[Items from a data source]
┏━━
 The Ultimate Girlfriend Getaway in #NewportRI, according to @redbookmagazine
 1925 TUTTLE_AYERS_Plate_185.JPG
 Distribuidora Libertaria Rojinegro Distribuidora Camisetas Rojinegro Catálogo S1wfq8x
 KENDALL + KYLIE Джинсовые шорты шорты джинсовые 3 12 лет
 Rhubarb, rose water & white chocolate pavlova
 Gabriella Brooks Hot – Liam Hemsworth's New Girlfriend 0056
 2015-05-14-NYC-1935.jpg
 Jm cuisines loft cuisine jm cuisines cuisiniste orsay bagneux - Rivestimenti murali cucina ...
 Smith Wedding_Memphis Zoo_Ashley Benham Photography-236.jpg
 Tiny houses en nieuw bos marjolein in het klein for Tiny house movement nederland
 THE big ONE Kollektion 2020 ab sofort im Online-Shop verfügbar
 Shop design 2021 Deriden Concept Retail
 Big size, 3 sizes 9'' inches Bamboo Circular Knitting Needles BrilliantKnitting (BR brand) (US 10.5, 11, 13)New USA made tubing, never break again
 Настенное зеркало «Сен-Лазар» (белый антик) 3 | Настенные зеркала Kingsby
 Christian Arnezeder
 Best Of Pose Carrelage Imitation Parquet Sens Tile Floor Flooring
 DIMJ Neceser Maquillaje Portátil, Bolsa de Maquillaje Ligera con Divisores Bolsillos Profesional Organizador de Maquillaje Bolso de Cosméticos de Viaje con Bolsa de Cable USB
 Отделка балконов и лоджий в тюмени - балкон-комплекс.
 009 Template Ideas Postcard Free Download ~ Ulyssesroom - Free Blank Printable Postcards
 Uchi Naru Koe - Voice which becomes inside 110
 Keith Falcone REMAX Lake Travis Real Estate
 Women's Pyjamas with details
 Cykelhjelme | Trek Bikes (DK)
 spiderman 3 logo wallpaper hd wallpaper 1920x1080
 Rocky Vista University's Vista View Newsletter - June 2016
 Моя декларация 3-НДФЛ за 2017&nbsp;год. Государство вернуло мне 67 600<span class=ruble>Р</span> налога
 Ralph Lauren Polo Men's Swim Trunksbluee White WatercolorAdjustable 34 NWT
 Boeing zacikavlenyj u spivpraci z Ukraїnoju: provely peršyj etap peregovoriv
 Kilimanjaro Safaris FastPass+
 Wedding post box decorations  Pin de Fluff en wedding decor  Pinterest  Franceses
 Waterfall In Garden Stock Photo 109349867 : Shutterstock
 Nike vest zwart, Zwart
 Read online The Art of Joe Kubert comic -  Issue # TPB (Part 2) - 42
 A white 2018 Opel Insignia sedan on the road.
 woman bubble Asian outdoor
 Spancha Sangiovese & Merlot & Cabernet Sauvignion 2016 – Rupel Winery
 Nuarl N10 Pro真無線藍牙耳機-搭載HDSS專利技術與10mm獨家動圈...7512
┗━━
▸ **TASK PROMPT**: In the data above, find each line that uses the string "Girlfriend". Copy it.

▸ **RESPONSE TO THIS TASK**:
 The Ultimate Girlfriend Getaway in #NewportRI, according to @redbookmagazine
 Gabriella Brooks Hot – Liam Hemsworth's New Girlfriend 0056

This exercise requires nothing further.